> [Supplied data]
________________________

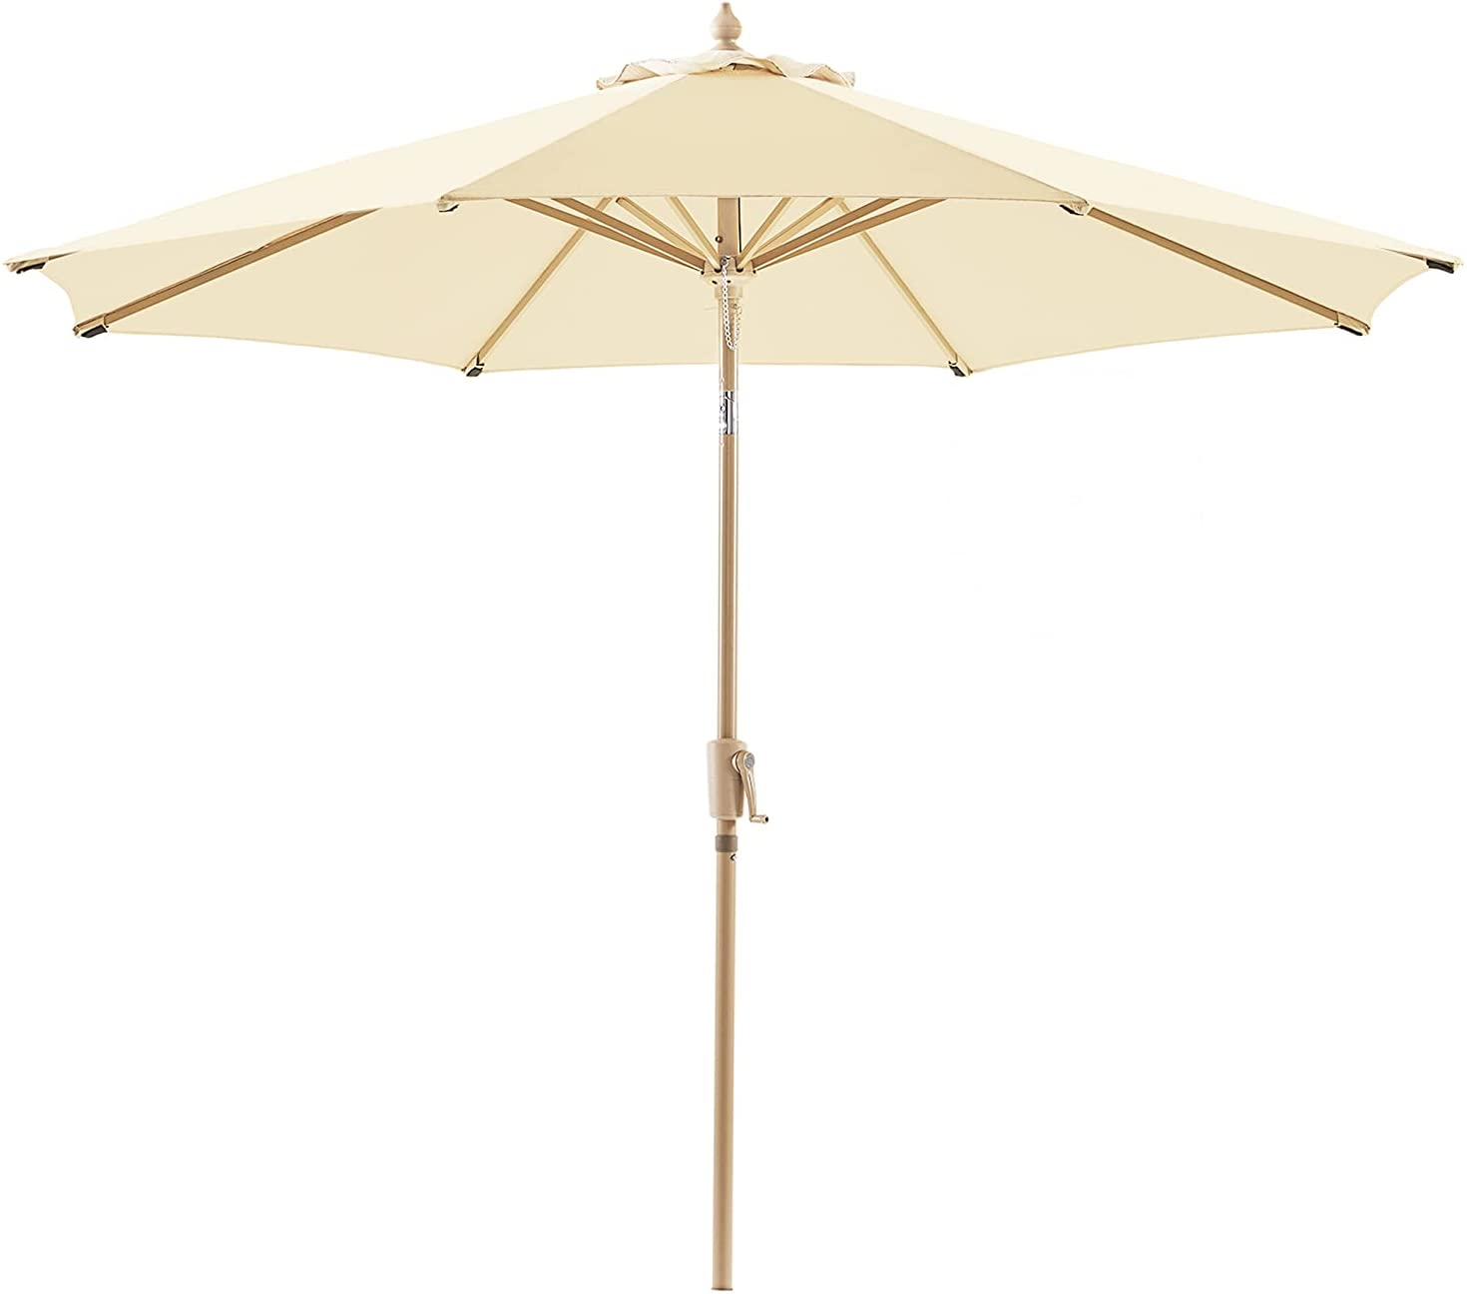 Le Conte Olefin 9 ft. Patio Umbrella Outdoor Market Umbrellas Table Umbrellas   3 Years Non-fading material & Push Button Tilt   Best for Deck, Balcony, Garden, Lawn & Pool (Beige)
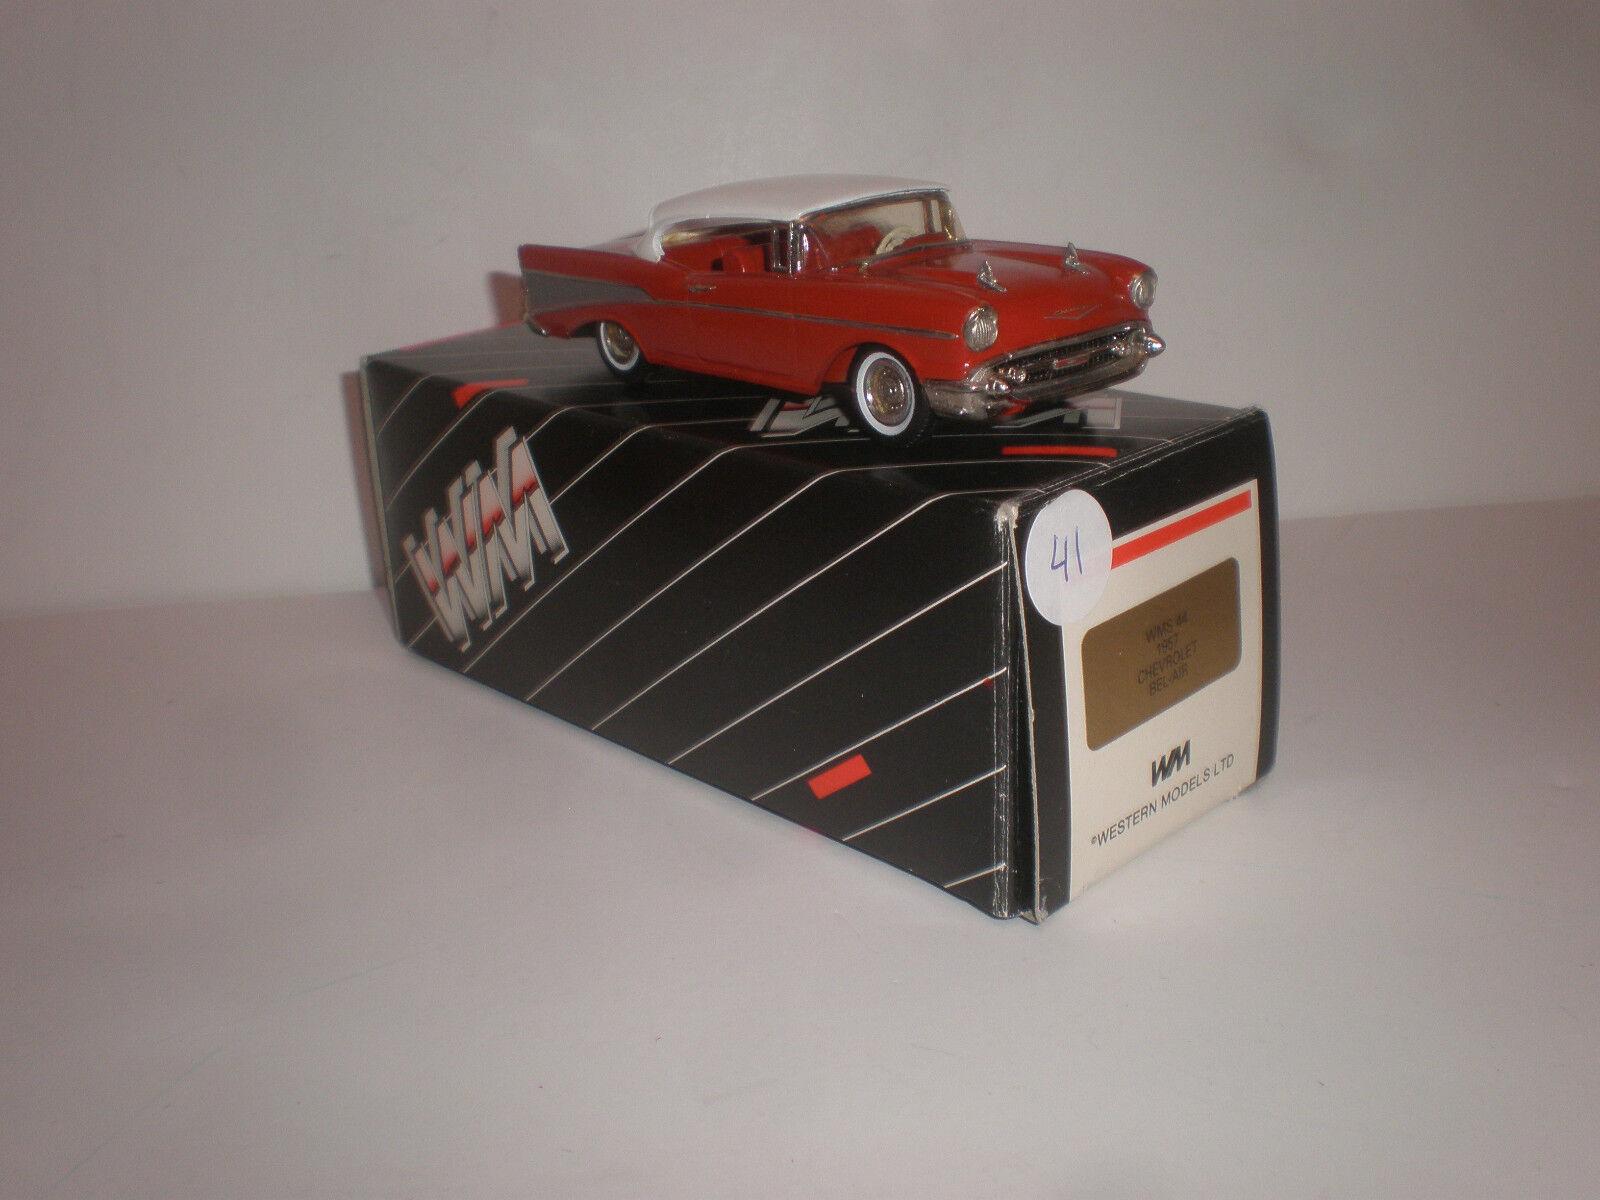 1 43 1957 Chevrolet Bel Luft Hardtop-Coupé Wms 44 Western Models Handgefertigt
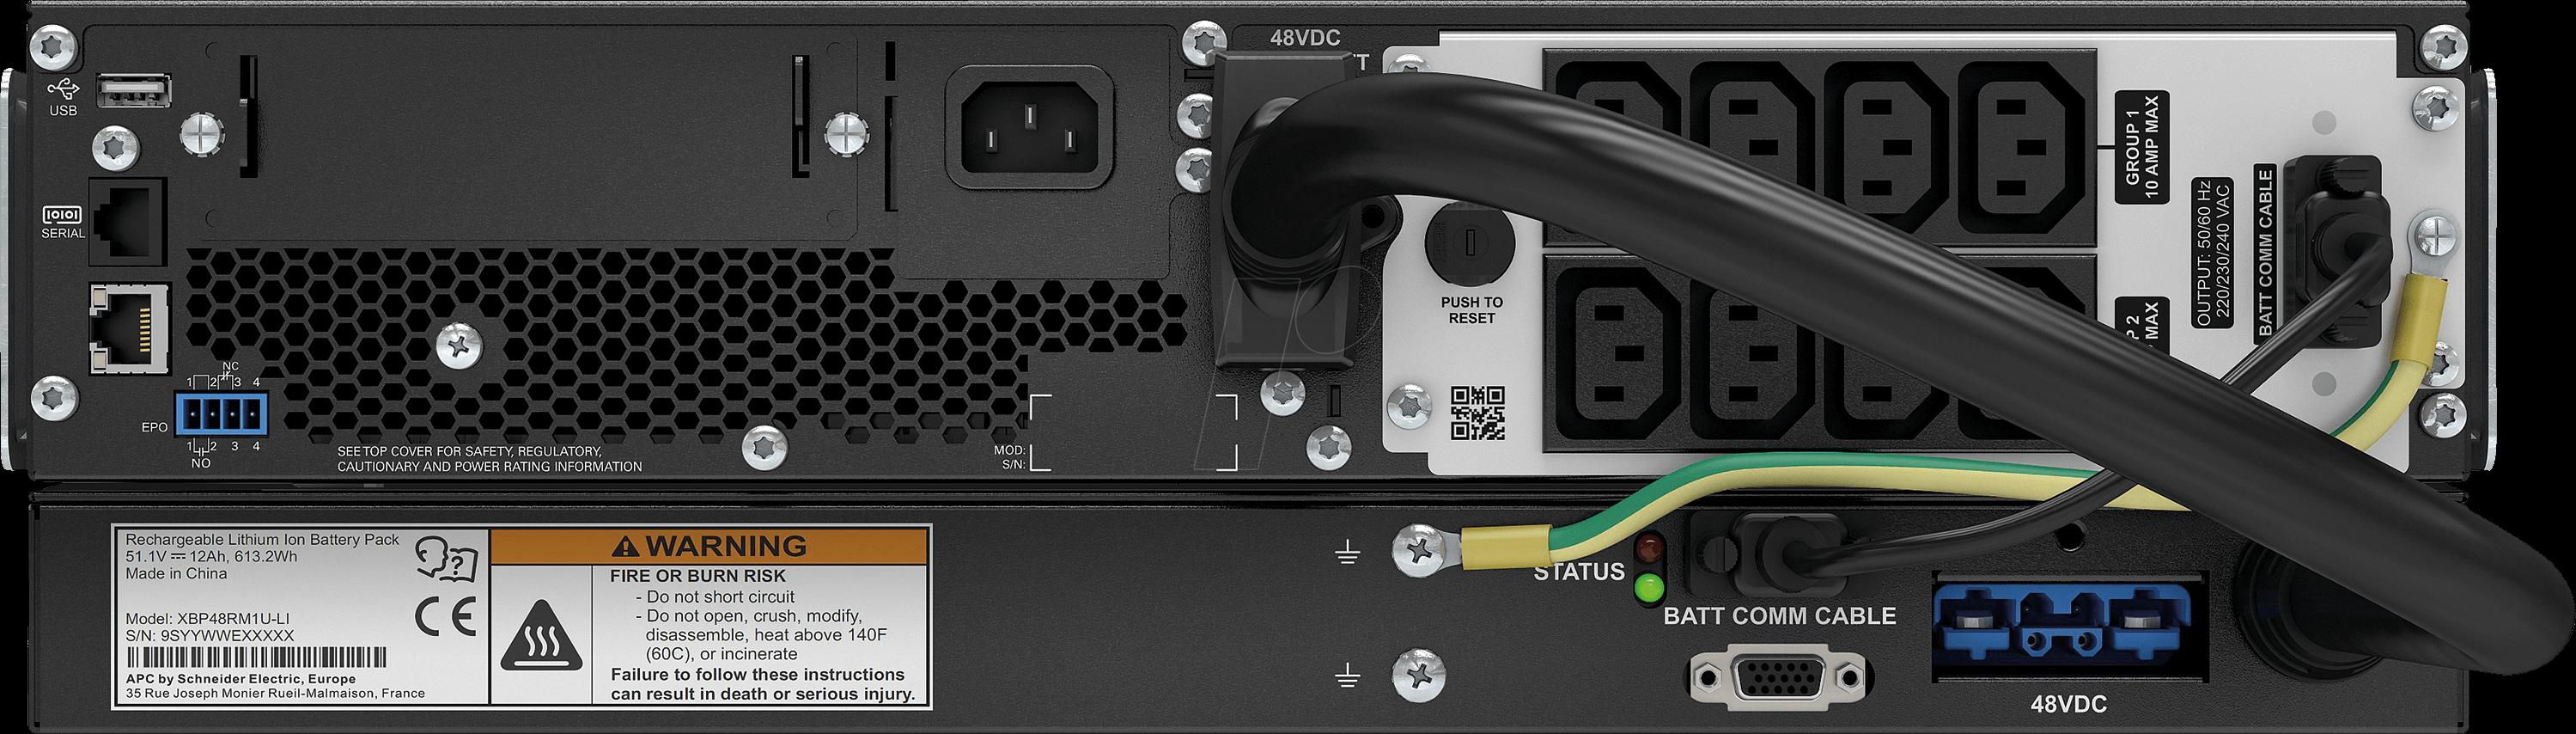 APC SRTL1000RNIC - Smart UPS, Li-Ion, 900 W/1000 VA, 230 V, 4 outputs

________________________

Skip all pictures. Write out only the lines from the one containing "1 43 1957 Chevrolet" to the end of the listing above, inclusive, exactly as given.

 1 43 1957 Chevrolet Bel Luft Hardtop-Coupé Wms 44 Western Models Handgefertigt
 APC SRTL1000RNIC - Smart UPS, Li-Ion, 900 W/1000 VA, 230 V, 4 outputs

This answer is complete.